Pakistan's 'warm fuzzy' ruler: He'll even shed tears in public

Since his Oct. 17 speech, Gen. Pervaiz Musharraf has worked to polish

Weeping is not something that army chiefs are known for. Especially if they have just led a coup. But as Gen. Pervaiz Musharraf taped his historic speech to the Pakistani nation on Sunday night, witnesses say he broke down twice during a closing prayer he wrote for the event. It begins, "Give me the vision to see and perceive the true from the false."

Now, as troubled Pakistan embarks on its most extensive reforms in decades - forcing powerful industrialists and politicians to pay back taxes, curbing Islamist zealots on the streets and in the military, trying to negotiate a Western-powers agenda that is not at all popular here - General Musharraf may have to repeat his prayer often.

For Pakistan, which has moved from being a moderate and stable front-line state during the cold war, to being viewed as a destabilizing exporter of terrorism and drugs, the next two weeks are as important as any in its history. As Musharraf decides on the makeup of a new national security council that will attempt major structural changes, the new leader, who was born in India, seems to feel a sense of destiny, say his friends.

To the world, the new chief executive of the world's newest nuclear power was at first an enigma. The man who led a 10-week military offensive in Kashmir this spring appeared in file TV clips after last week's coup wearing combat fatigues, waving a gun, and looking a bit like a banana republic dictator.

Initial appearances may have been deceiving. His friends describe Musharraf as a liberal in a conservative army who advanced by his intelligence, courage, and independence. In meetings with often surprised senior diplomats here, Musharraf has been described as "broad-minded," "serious," "moderate," and "a patriot."

The general has said one of his heroes is Mustafa Kemal Ataturk, the father of modern Turkey - the secular Muslim country where a young Musharraf went to high school when his diplomat-father was posted there. Musharraf told Turkish reporters this week that Turkey was the country he wants to visit first as a new head of state. Arms-supplier China was his first destination after he became army chief last year.
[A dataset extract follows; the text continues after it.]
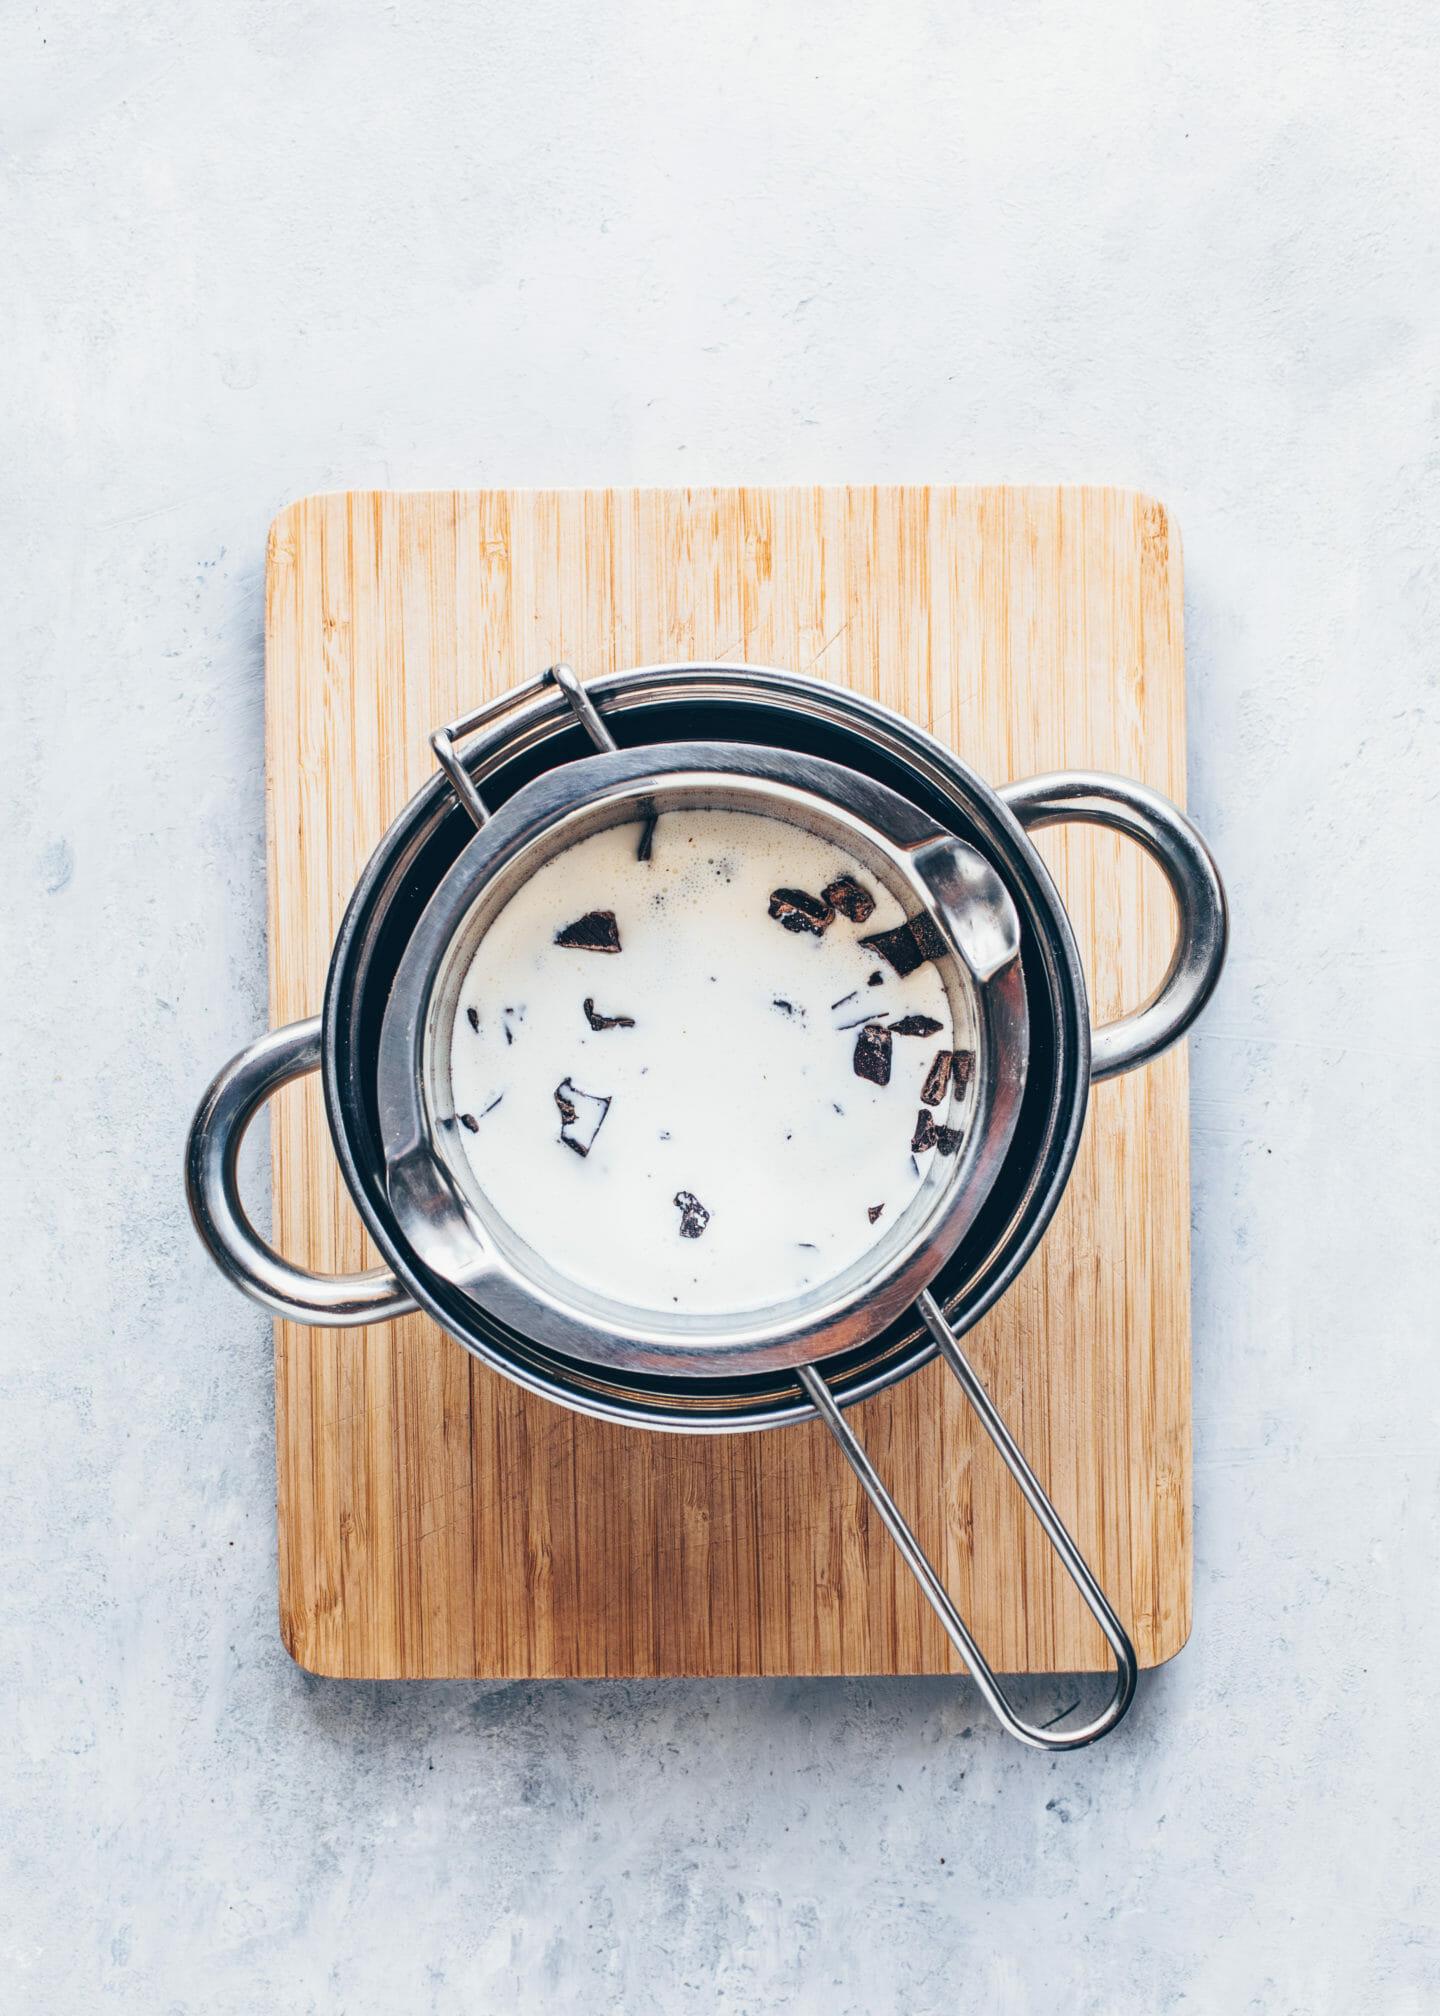 Schokolade und Kokosmilch über einem Wasserbad schmelzen für Haselnuss-Schoko-Aufstrich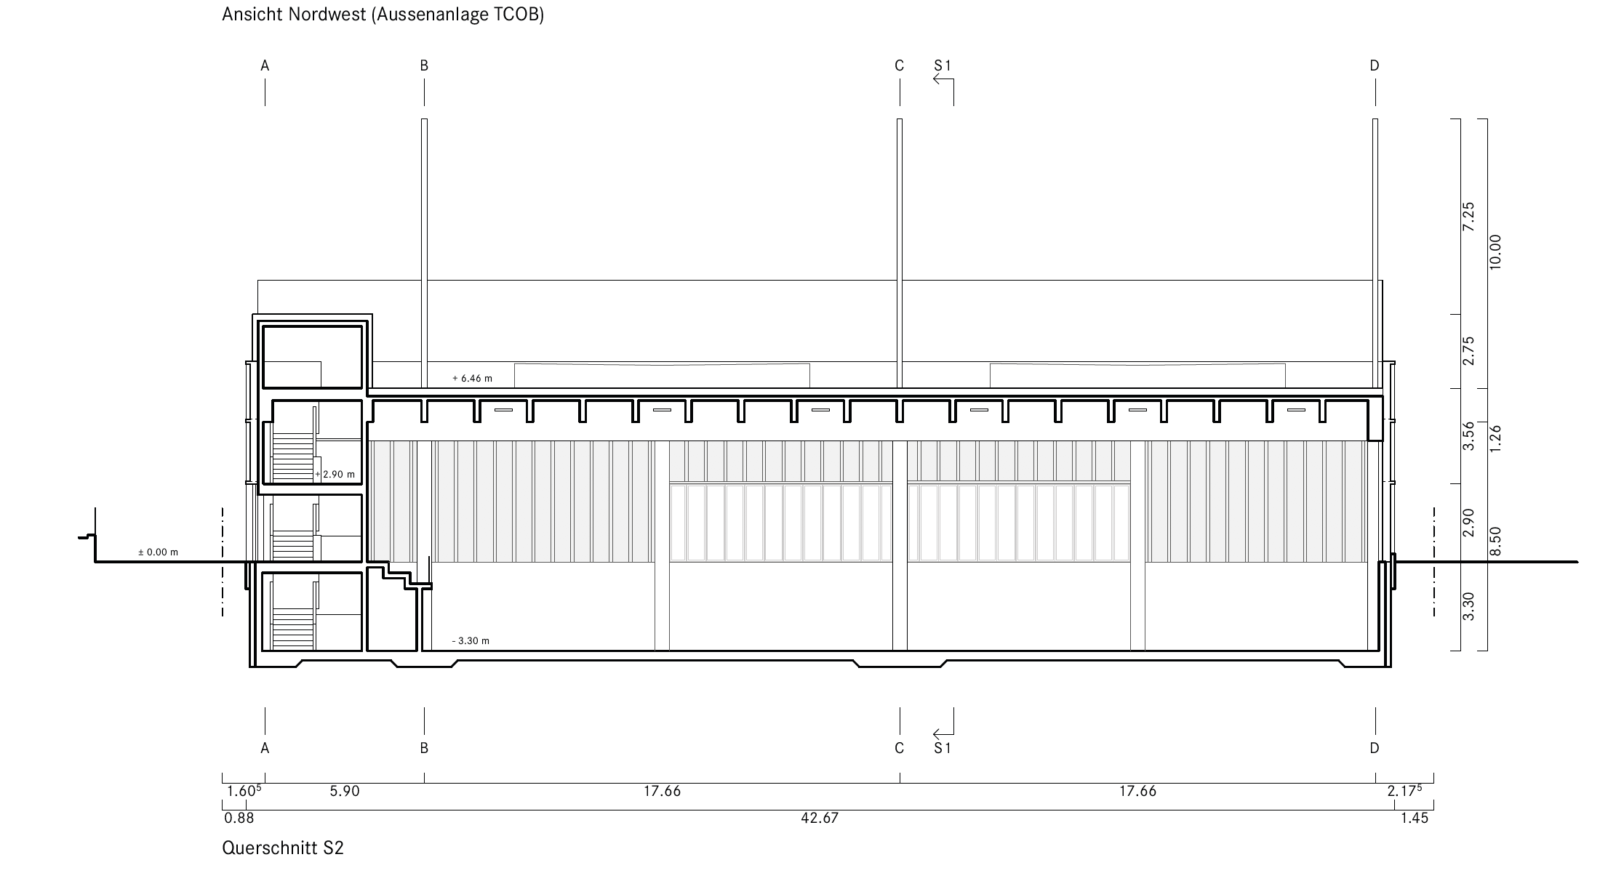 Querschnitt durch die neue Halle. Links die Erschliessung mit der kleinen Tribüne, die einen Blick auf die Plätze ermöglicht.

On the heels of a coup that ousted former Prime Minister Nawaz Sharif, Pakistani spin doctors are trying to present their new leader as a model citizen. The stress on Turkey, a NATO member, is bound to ease some apprehensions of the West.

Musharraf is an avid bridge and squash player. He occasionally takes a drink in this Muslim country, turns heads by going out on the town with friends even after having become army chief, and he has relatives who live in the United States.

Yet in a country where cynicism about double-dipping leaders is pervasive, Musharraf seems to have given the country a new lease on life. He hopes to encourage a largely silent middle class to support him and begin to support long neglected Pakistani institutions. Musharraf even took the unusual step during his speech of offering to reveal his tax records - in a country where only 1 in 100 persons pays tax, a shocking symbol of honesty. "Musharraf is straight and honest, a good man," says Hamid, a taxi driver. "Such a man is what we need."

The current elation among Pakistanis at the ouster of Mr. Sharif will be an important element in providing the "right spirit" needed to bring about proper financial practices and eliminate kickbacks and patronage, says Sakib Sherani, the assistant vice president of ABN-AMRO bank in Islamabad. Public opinion and the friends Musharraf makes by going after corruption will be key ingredients in offsetting the many enemies he is bound to make. "Without a groundswell of support, change is impossible in Pakistan," says Mr. Sherani.

"I would call Musharraf a progressive," says Lt. Gen. Talat Masood, a retired officer. "He believes in equality of education among boys and girls. His daughter is an architect married to another architect, and the marriage was not arranged."

Perhaps the biggest change from past coups and political changeovers in previous years is that Musharraf did not plan or scheme to become the head of Pakistan, sources say. Indeed, as the coup proceeded after Sharif tried to replace Musharraf as army chief while he was en route from Sri Lanka to Pakistan last week, Musharraf did not know until just before his plane landed in Karachi that a coup was under way. He has also allowed the press to say what it will. "The most unreal part ... is the army has not intruded on civilian life," says Umer Farooq, the local reporter for Jane's Defence Weekly. "All of our previous coups were Draconian and tried to control every aspect of life. Musharraf has been something different."